A prediction of the ceRNA hypothesis is that mRNAs containing the same MREs will compete for a common pool of miRNAs [13]. We postulate that activation of a subset of growth regulatory mRNAs in the regenerating liver may be due in part to relief of inhibitory effects of other highly induced mRNAs that compete for the same pool of miRNAs. At present the extent of these ceRNA networks has been difficult to establish, due to the aforementioned limitations of the computational target prediction algorithms. Therefore, we applied our mRNA:miRNA targeting relationship predictions to build candidate ceRNA networks in the regenerating liver, selecting those mRNAs that had a single, strong miRNA footprint.
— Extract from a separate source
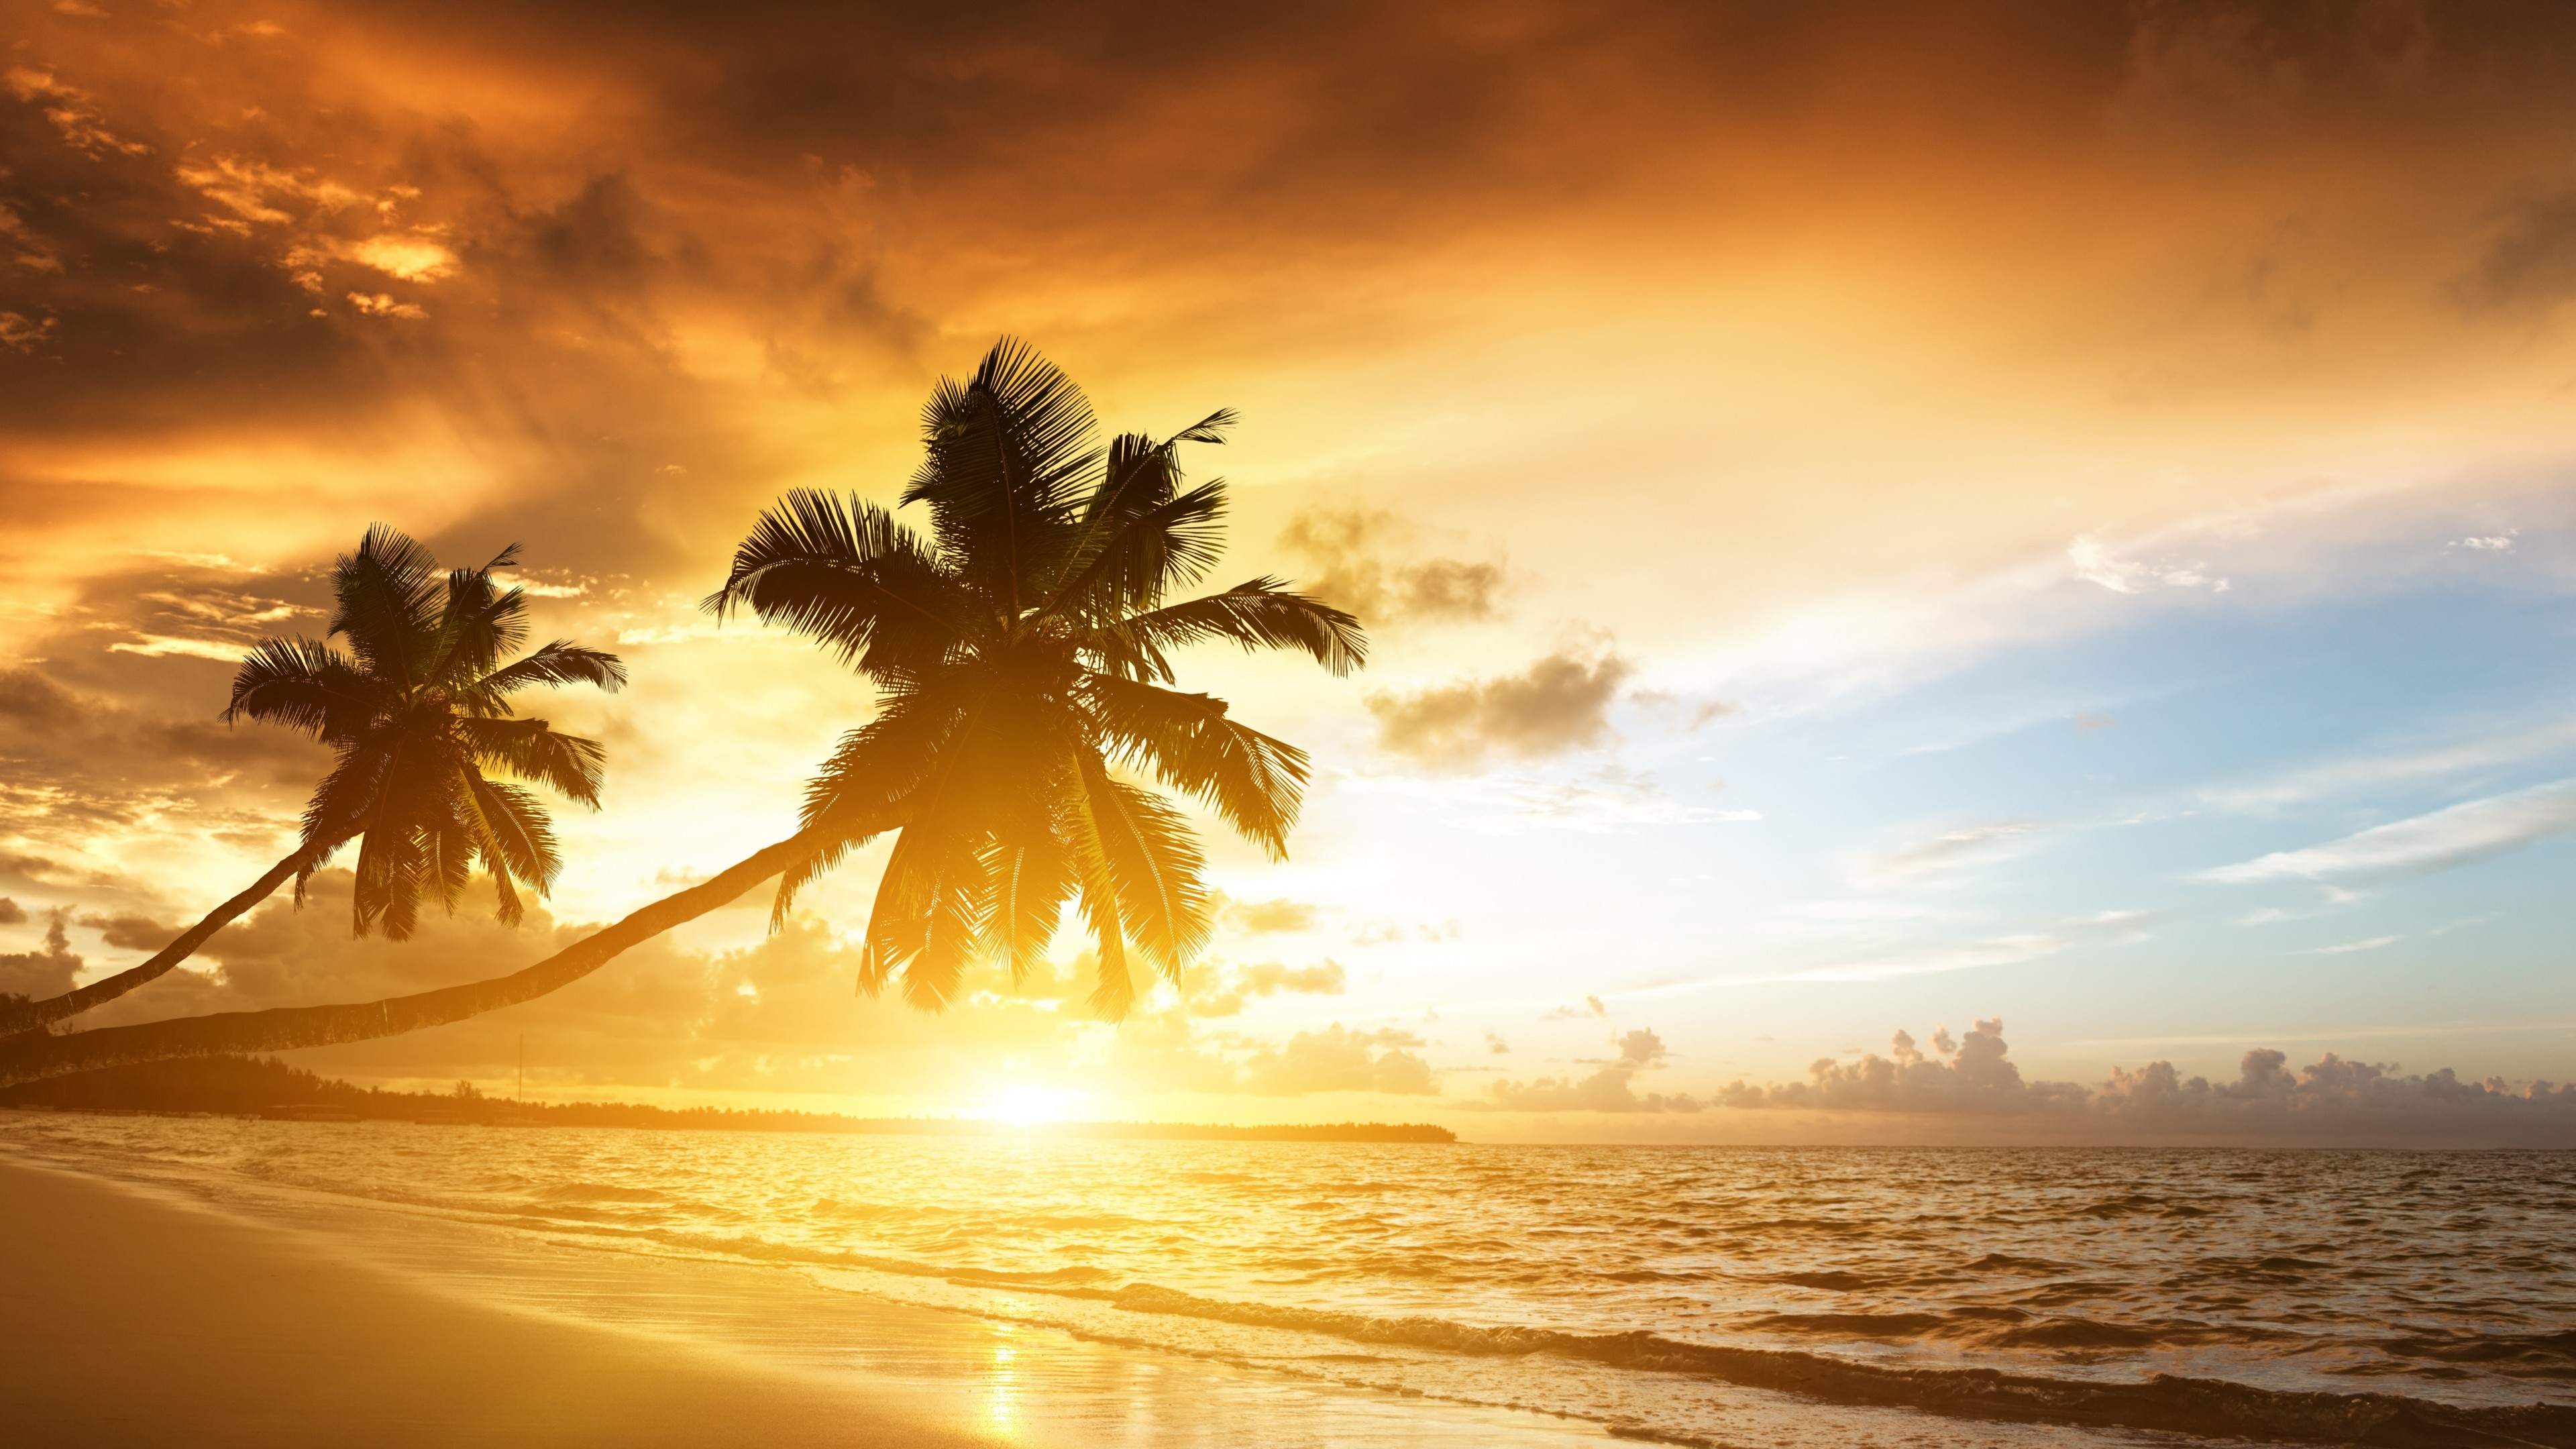 Preview wallpaper beach, tropics, sea, sand, palm trees, sunset, evening
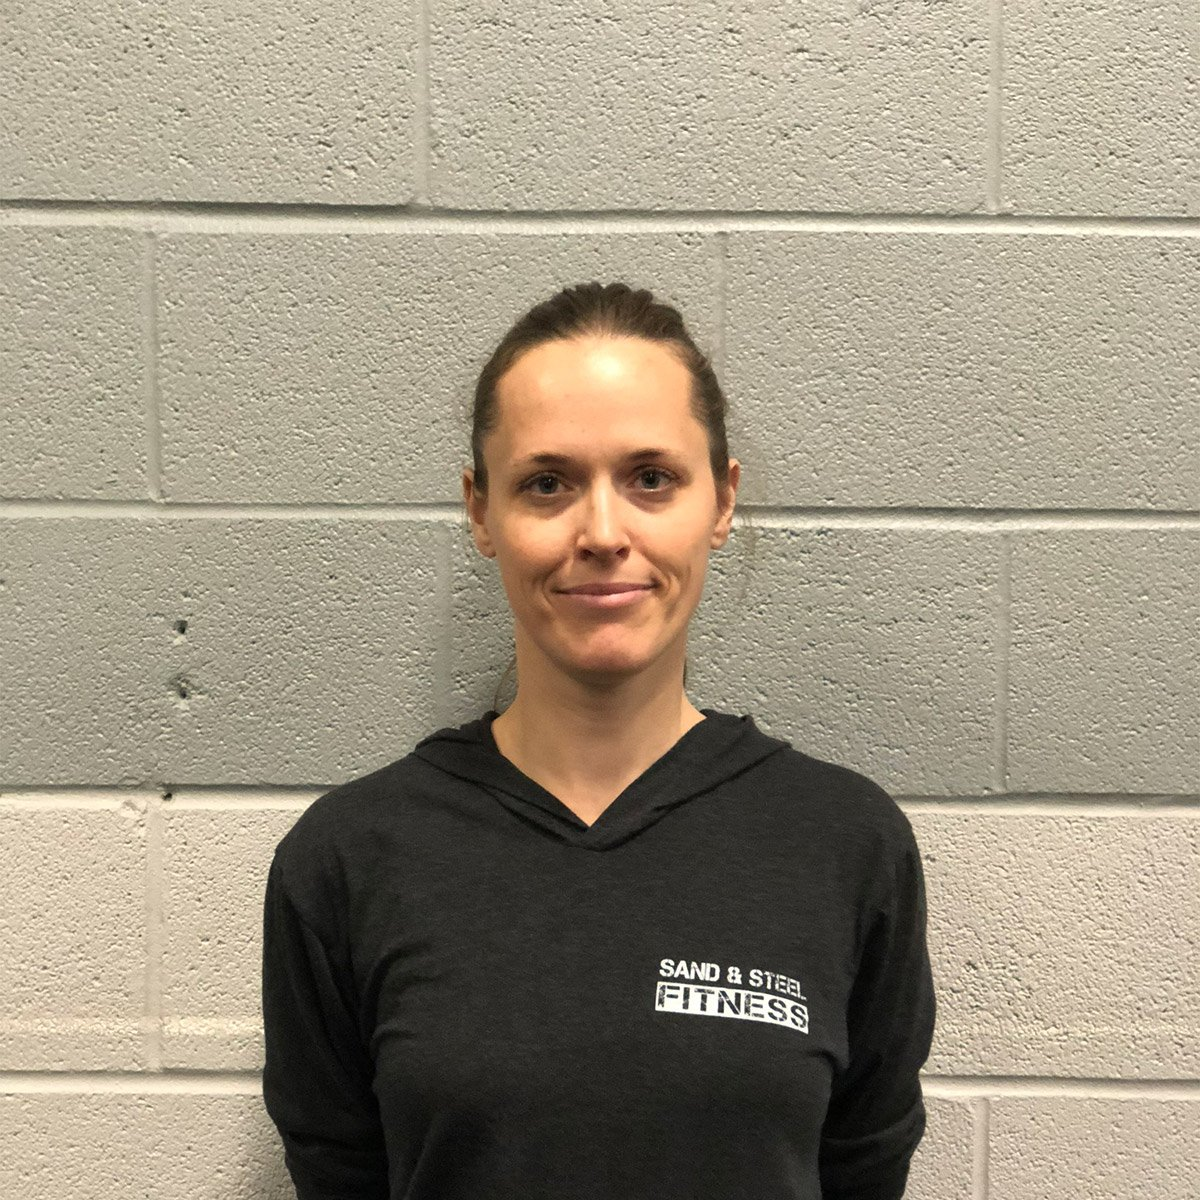 Monika Yoga Teacher eryt-500

Several examples of predicted miRNA ceRNA networks identified by our analysis are shown in Figure 5. Two members of the mir-140-3p ceRNA network, Spred2 and Vamp7, exert opposite effects on MAPK signaling pathways via inhibition of Raf phosphorylation [47] and endocytosis of the EGF receptor, respectively [48]. Thus, competition by these two mRNAs for mir-140-3p could balance positive and negative regulation of MAPK signaling in the regenerating liver, providing an example for the potential functional relevance of ceRNA networks.

Figure 5
figure 5

CeRNA Networks. In a competing endogenous RNA (ceRNA) network, RNAs regulated by a single miRNA can compete with other mRNAs for that miRNA and control its effect on other targets. We identified mRNAs that had a single strong RISC footprint that contained a single highly-loaded miRNA and built ceRNA networks. Networks for miR-122-5p, miR-5102, mir-22-3p, mir-140-5p and mir-140-3p are shown.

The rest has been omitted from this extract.